PIETRO LIBERI

PIETRO LIBERI

Padua 1605-Venice 1687

Venus and Adonis

oil on canvas, cm 96×73

 

This important painting has been identified by Emilio Negro as the work of Pietro Liberi. Among the most sought-after authors of his period, with important international commissions, the famous Venetian artist is best known for works like the one presented here, charged with eroticism and passion, paradigmatic of the libertine climate characterizing Venice until the Eighteenth century. It features the love between Venus, goddess of beauty and fertility, and the young and beautiful Adonis. The latter is here shown with a stunning virile torso, in a pose which reminds of antique statues, and in particular the Augusto di Prima Porta at the Vatican Museums, that Liberi may have observed in his youth, when he visited Rome to study in the late Thirties of the Seventeenth century. Above, dashed with striking yet concise strokes in the best Venetian tradition, the artist has painted Venus’ carriage and the doves that pulled it, and the ever-present amorino.

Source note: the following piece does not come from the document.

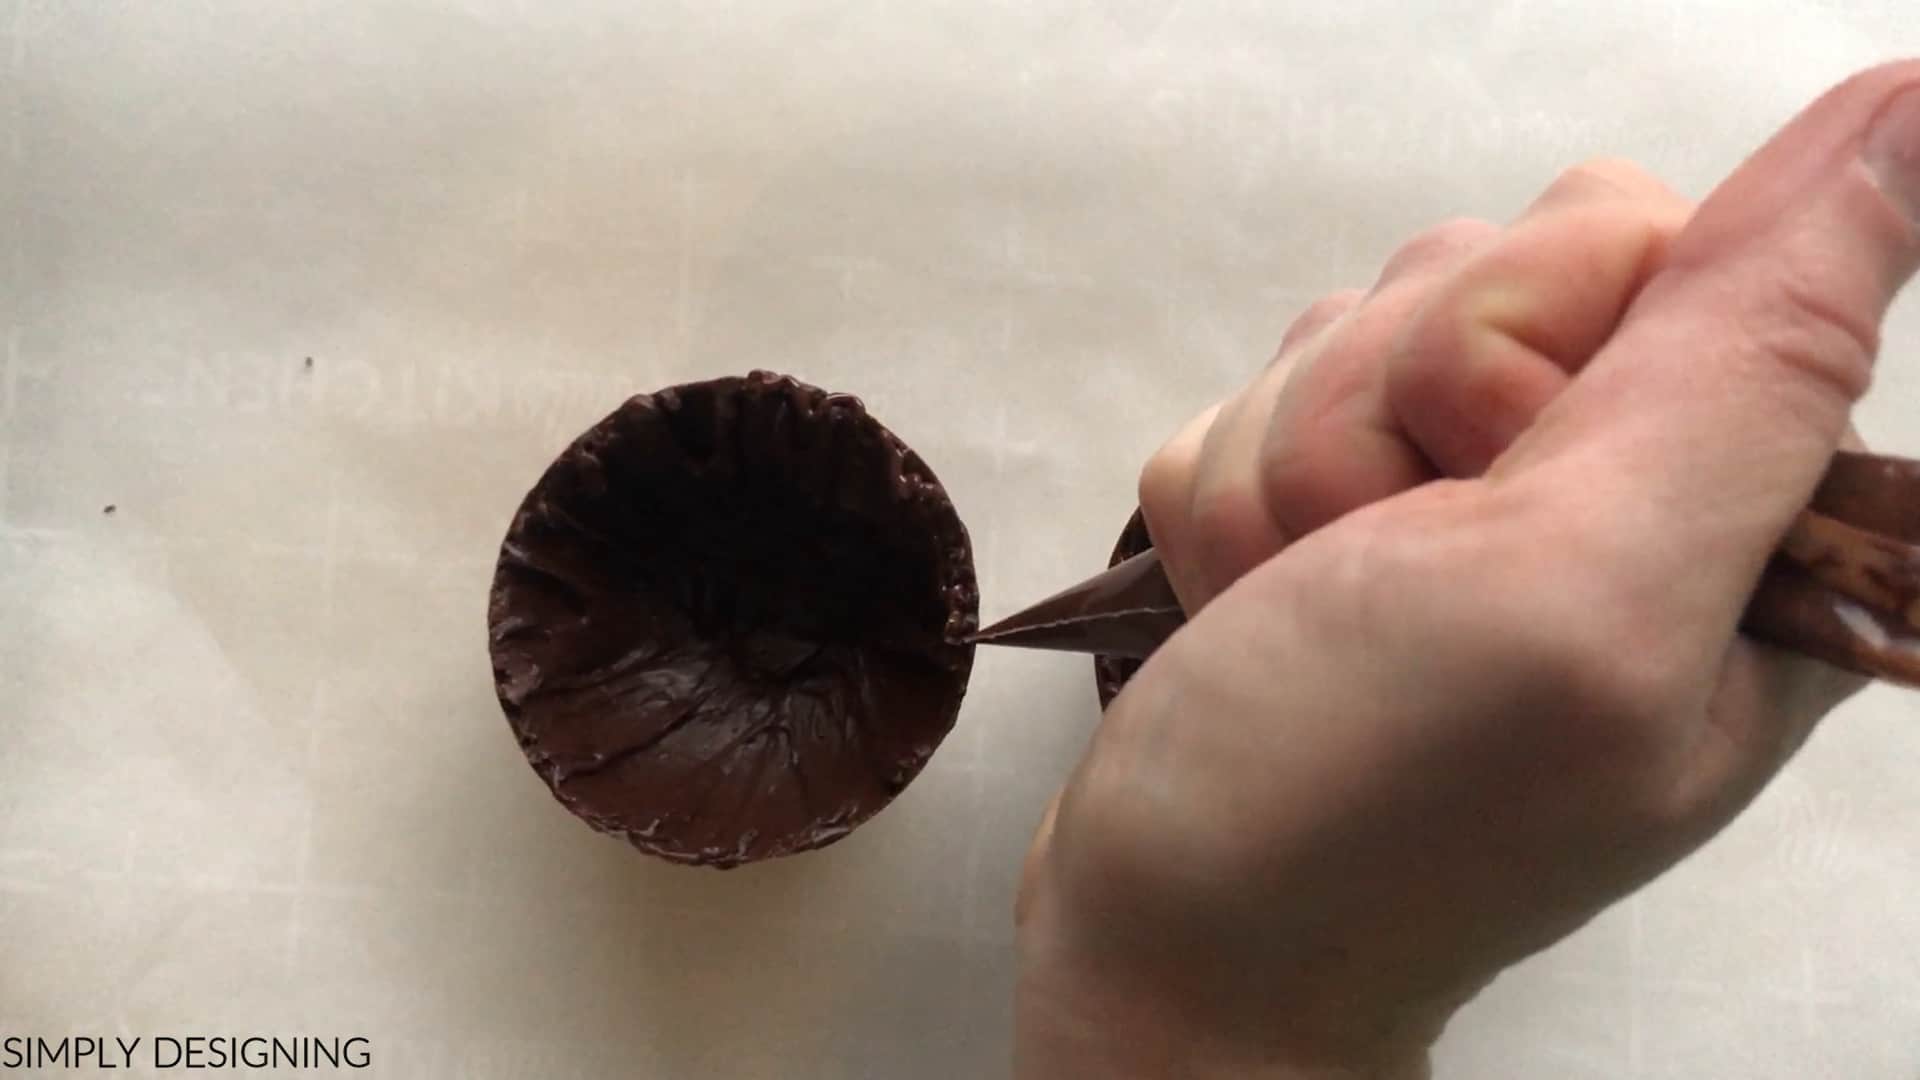 use melted chocolate to attach chocolate bomb

Elements typical of Liberi comprise the refined incarnadine, with its particular “voluminous brushstrokes in warm and well-matched shades” (Negro) as well as the way the goddess holds the face of her beloved in her hand, and which can also be found in paintings as Jupiter, dressed as Diana, seduces Callistus in its different versions or the Virtue and Prudence, from the collection of the Marquis of Exeter in Stamford.